A network should be like a light switch, said Matt Rehder, VP of core networking at AWS, during a tour of AWS's Torre Avenue lab in late April. It should be something that just works.

"No one really cares about the network at the end of the day," he said. "It serves a function. You care about it when it's broken. But otherwise you want it to be out of your way. So that's been our mental model for the last 15 years – how do we get the network out of the way?"

Matt Rehder and Satish Vangala

Networking has been broken for AWS since 2010, at least from a business perspective. James Hamilton, SVP and distinguished engineer at Amazon, said as much in a presentation titled, "Datacenter Networks are in my Way."

"This was in the very early days of the cloud," Rehder explained. "But even at that time, with the growth of bandwidth we were seeing, it was very clear that the way networks had been built wasn't going to scale into the future and that something fundamentally different had to happen."

Hamilton objected to the vertically integrated networking stack that slowed innovation and kept margins high for network equipment makers. He likened it to the mainframe business model, and said he preferred the server business model, where there's competition and open source software.

Networks for AWS, Rehder explained, consist of three primary types of hardware: network devices, including switches and routers, built on application-specific integrated circuits (ASICs) that forward data from one port to another; optical transceivers, which send and receive light signals via laser; and cabling, which may be fiber-optic glass or copper wire.

When AWS was being built out a decade and a half ago, the cloud biz decided it needed to take control of its network technology. "It's so foundational to what we built," said Rehder. "And so we decided we needed to start developing our own hardware and developing our own software."

The company started small, working with third parties to develop network devices, iterating on that until the footprint of its homegrown technology covered its datacenters, its core network, and its border network.

What's unique about AWS, Rehder said, is that other network providers typically use one type of switching ASIC for their aggregation network, another for their core network, and another for their border network, because each has different needs in terms of memory, performance, and throughput.

"They would all use different silicon for different switches," he said. "We use one for everything."

The reason, he explained, is simplicity. "If you have one thing and you overly invest in making it really good, you're putting all of your energy into that hardware and software making it super-reliable," Rehder said. "It also helps us scale the network because when we're managing our supply chain or figuring out how to scale, we're not trying to balance all these competing SKUs."

That does create some challenges, he admitted.

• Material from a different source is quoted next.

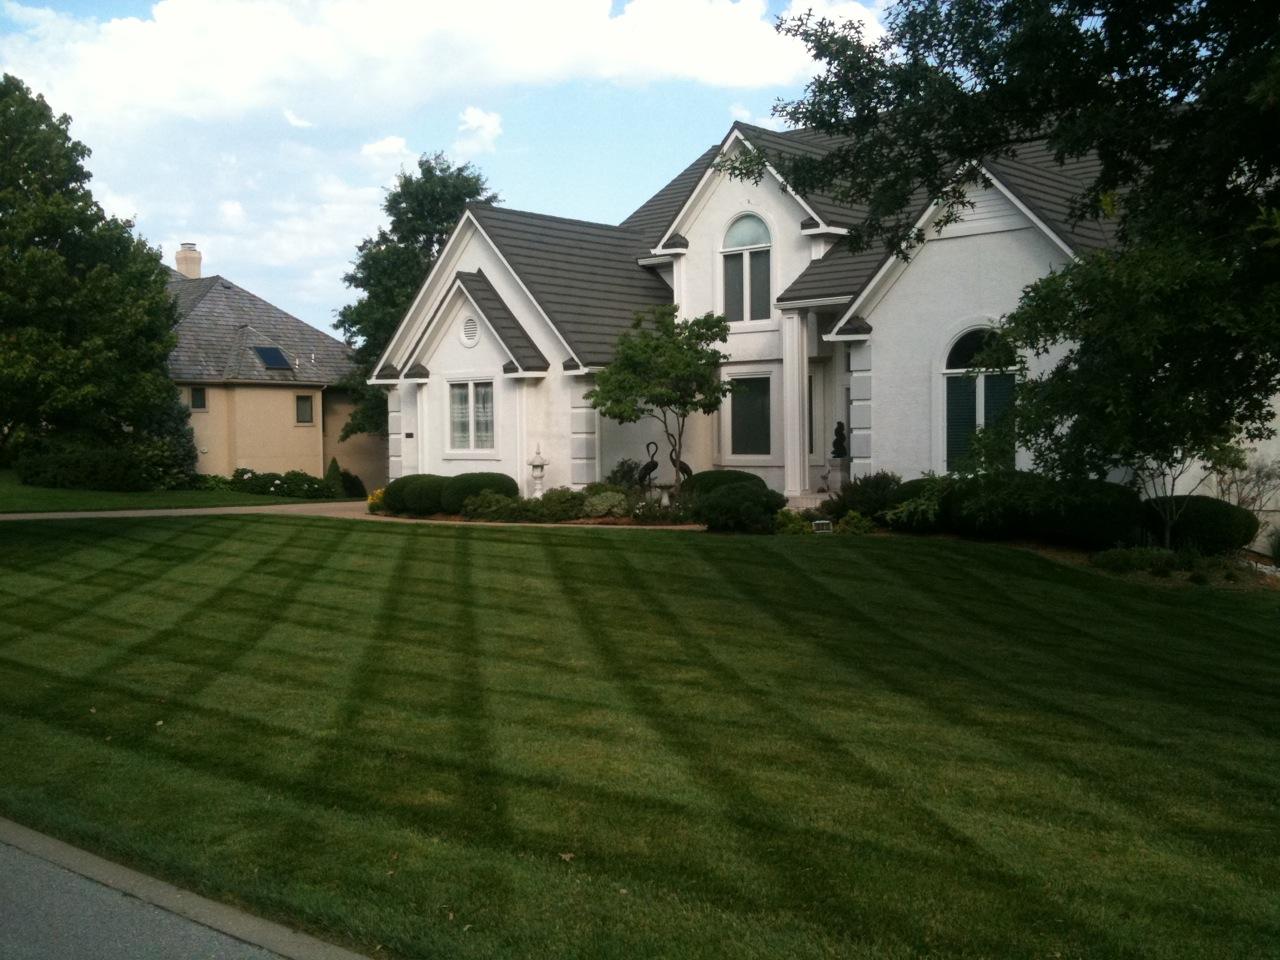 Kc Garden Gate Lawn Care Amp Landscaping Belton 816 744 8899

"There's a good reason people use different types of switching ASICs because there is different functionality," Rehder explained. "And that's where controlling our own software really comes to play. We've effectively been able to remove the need for that custom silicon by being smart with our software and just finding creative ways to keep what needs to happen on the device in the hardware as simple as possible while still delivering great performance and functionality for our customers."

The switches have specialized ASICs to maximize the efficiency of packet routing. The ASIC can move many millions of packets per second from one port to another, without going through a CPU.

So now AWS has its own hardware, running on its own software, a version of Linux called NetOS. The company's current homegrown switch is capable of transmitting 51.2 terabits per second of traffic, via 64 ports operating at 800 gigabits per second. Within the next 12 months, its next generation switch will provide 102.4 terabits per second via 64 ports running at 1.6 terabits per second.

Image of AWS's next generation 102 Tbps switch

"Everything runs the same operating system as well, which is super powerful for us," said Rehder. "From a security perspective, it means the code's all ours. We can scan it, we can fix bugs … we can patch and update our devices very, very regularly."

Owning everything has allowed AWS to do some difficult things. As an example, Rehder pointed to the high precision time network that AWS released a few years ago. That required unique hardware and unique software that integrates with the company's Nitro server chip. The technology, he said, allows applications such as high-frequency trading and distributed databases to operate across long distances.

"The only way we could have achieved that is because we were able to bring our own hardware and our own software and then do something that was unique to solve some AWS customer problem," he said.

"The bigger problem we're trying to solve is how do we keep all the server clocks in sync," said Satish Vangala, director of network product development at AWS. "We had to build a dedicated network to ensure that we have the timing synchronization at microsecond accuracy for all the servers in our datacenter."

AWS's network consists of about two million devices and about 50-60 million optical links and transceivers. It includes about 20 million kilometers of terrestrial and subsea fiber at the moment, which Rehder says is enough to reach from the Earth to the Moon and back 25 times. And that's just cable between buildings. If you measure the cable within its datacenters, the amount of cable is maybe an order of magnitude higher.

Image of one of the AWS networking labs

One of the ways AWS has been improving its network recently has been through the deployment of hollow core fiber, which has been around for a while but only recently became something that could be manufactured at scale.

With normal fiber optic cable, light-based networking signals travel through the glass fiber. Hollow core fiber consists of a glass tube surrounding air or vacuum, which offers less refractive interference and allows light to travel at a speed closer to its natural limit.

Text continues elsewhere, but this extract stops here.